Syndromic aniridia refers to a group of rare genetic conditions in which aniridia (the partial or complete absence of the iris of the eye) occurs alongside additional systemic abnormalities affecting other organs or body systems. Unlike isolated (non-syndromic) aniridia, syndromic forms are associated with broader clinical features that may include intellectual disability, genitourinary anomalies, obesity, or an increased risk of certain tumors, depending on the specific syndrome involved. The most well-known syndromic form is WAGR syndrome (Wilms tumor, Aniridia, Genitourinary anomalies, and intellectual disability/Range of developmental delays), caused by contiguous gene deletions on chromosome 11p13 involving the PAX6 gene and the WT1 gene. Another recognized syndromic form is Gillespie syndrome, which combines aniridia with cerebellar ataxia and intellectual disability. The ocular manifestations of syndromic aniridia can be severe and progressive. Patients typically present at birth or early infancy with absent or hypoplastic irides, leading to photosensitivity and reduced visual acuity. Associated ocular complications may include glaucoma, cataracts, corneal opacification (aniridia-related keratopathy), foveal hypoplasia, and nystagmus. In WAGR syndrome, surveillance for Wilms tumor (a childhood kidney cancer) is critical, as the risk is substantially elevated due to WT1 gene deletion. Genitourinary anomalies in WAGR may include cryptorchidism, hypospadias, streak gonads, and renal abnormalities.

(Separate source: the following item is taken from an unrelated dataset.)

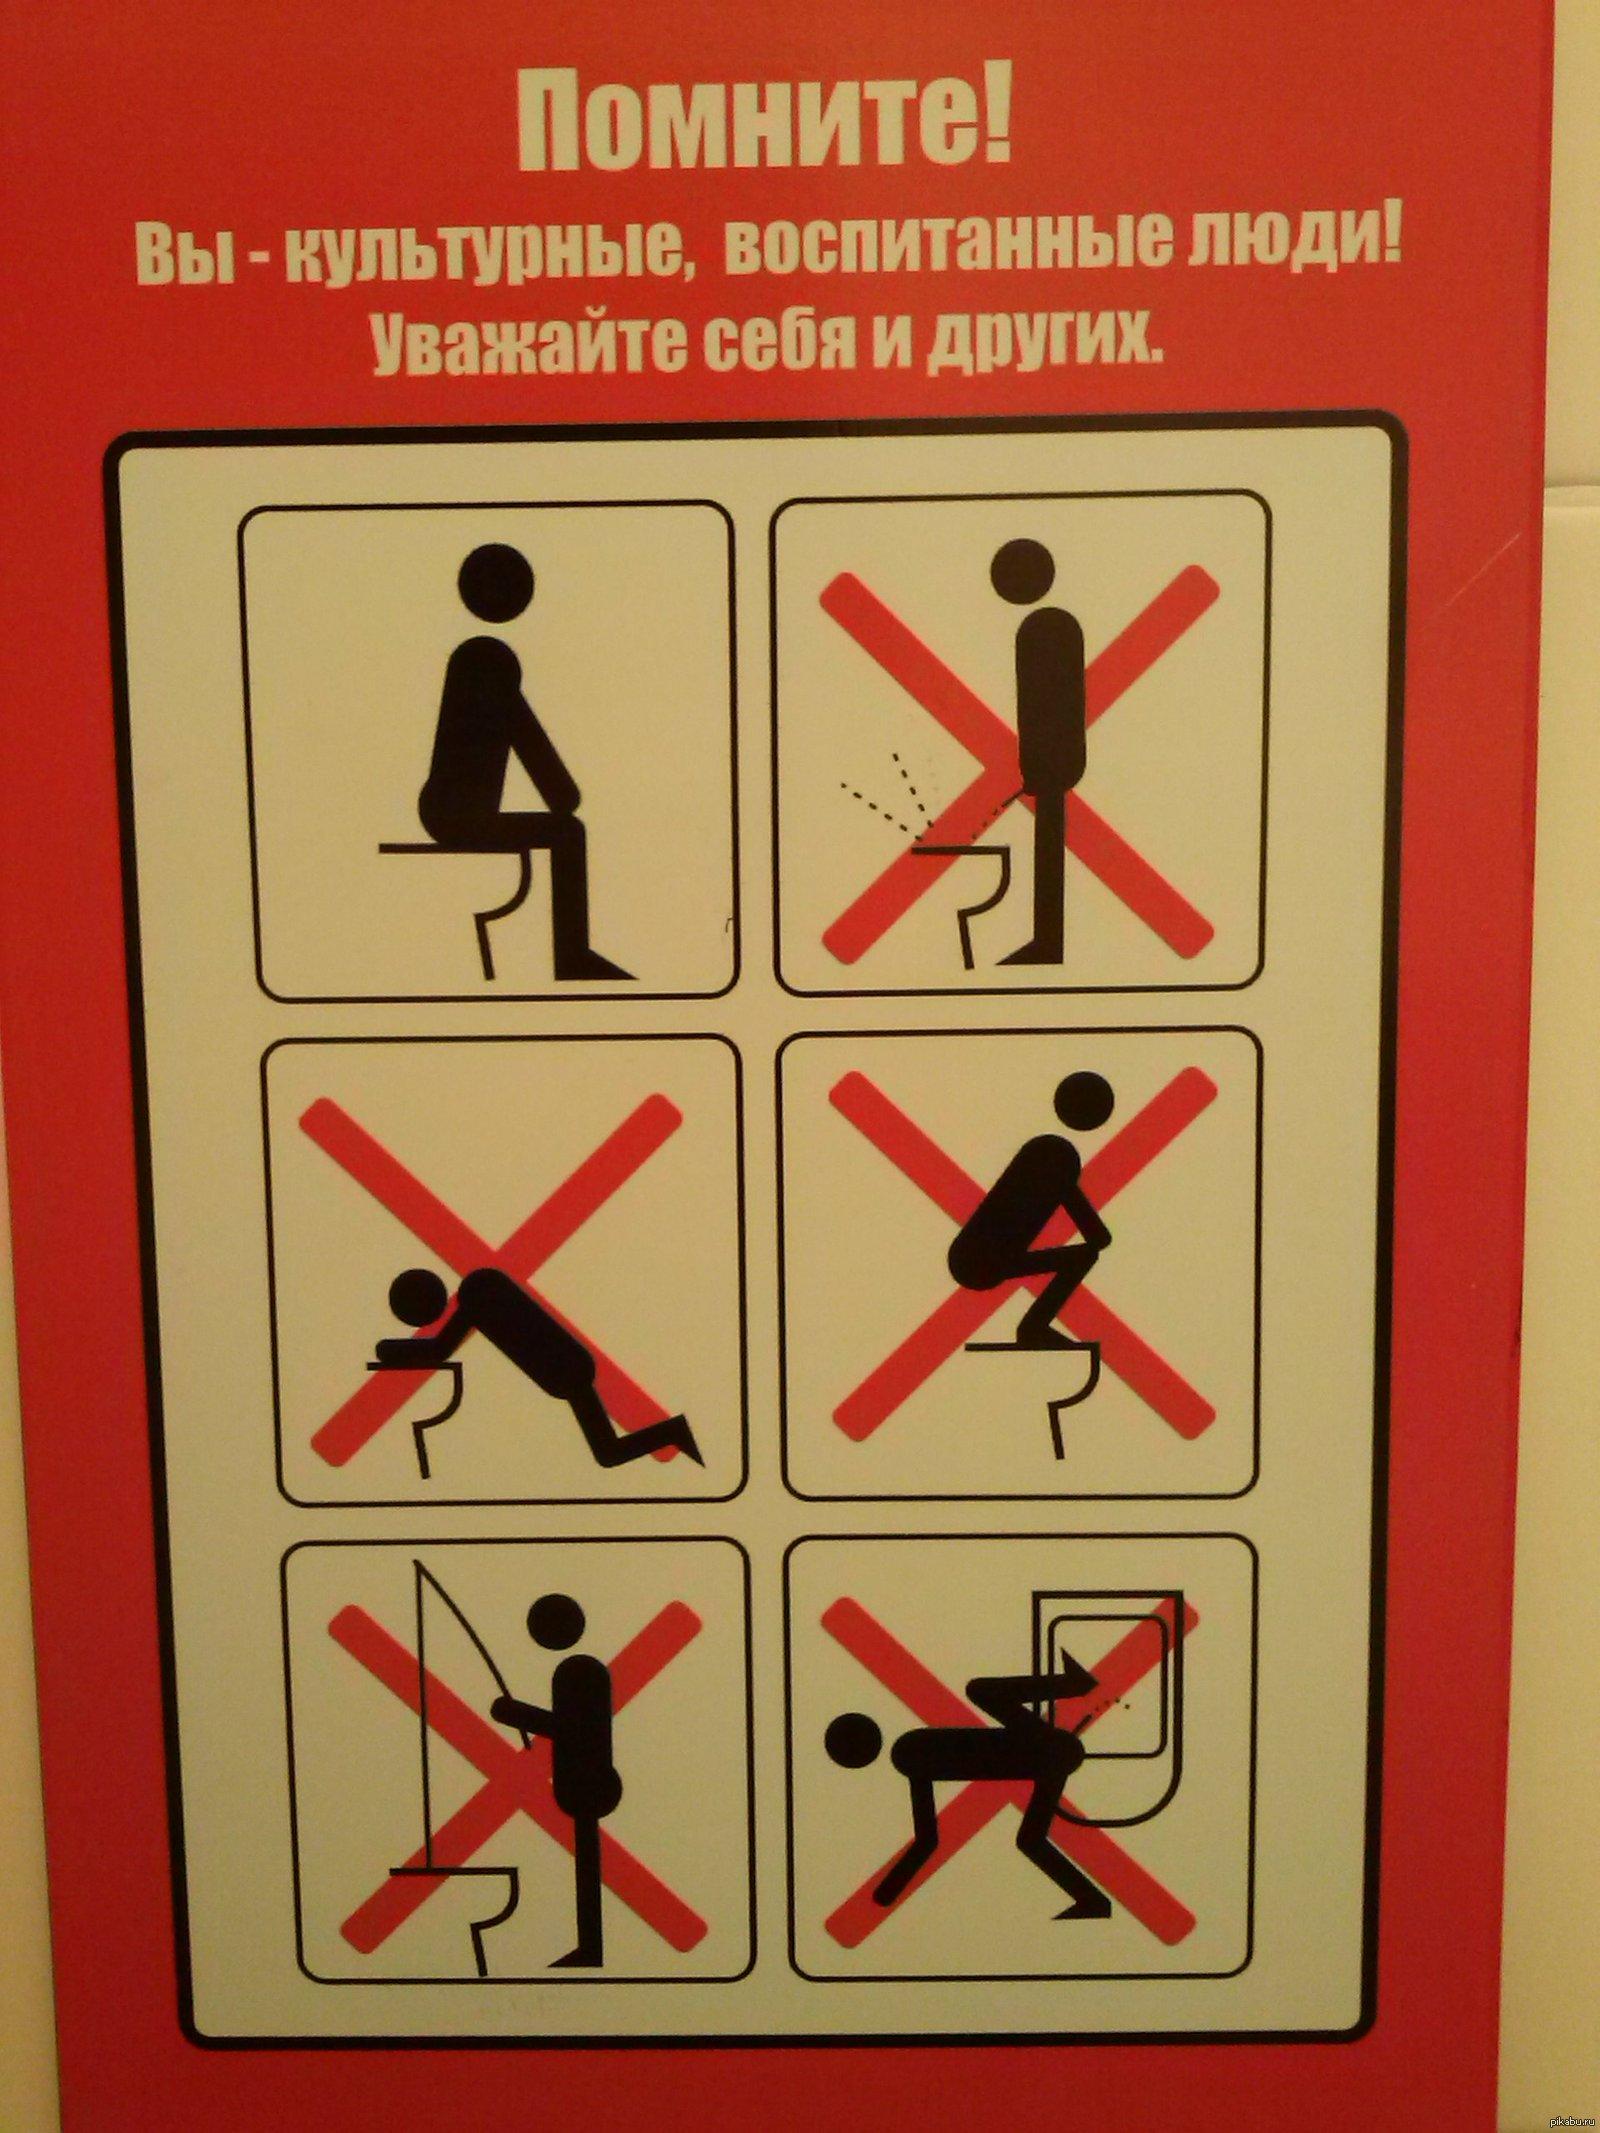 Реклама в туалетах в картинках

Some patients with larger deletions (WAGRO syndrome) also develop obesity. Management of syndromic aniridia requires a multidisciplinary approach. Ophthalmologic care includes regular monitoring for glaucoma and cataracts, use of tinted lenses for photosensitivity, and surgical interventions when needed. For WAGR syndrome, regular renal ultrasound screening (typically every three months until at least age 8) is essential for early detection of Wilms tumor. Developmental support, educational interventions, and monitoring of renal function are also important components of care. There is currently no cure for the underlying genetic cause, and treatment remains symptomatic and preventive.

Inheritance

Variable

Can be inherited in different ways depending on the underlying gene

Age of Onset

Neonatal

Begins at or shortly after birth (first 4 weeks)

Orphanet ↗NORD ↗

Treatments

No FDA-approved treatments are currently listed for Syndromic aniridia.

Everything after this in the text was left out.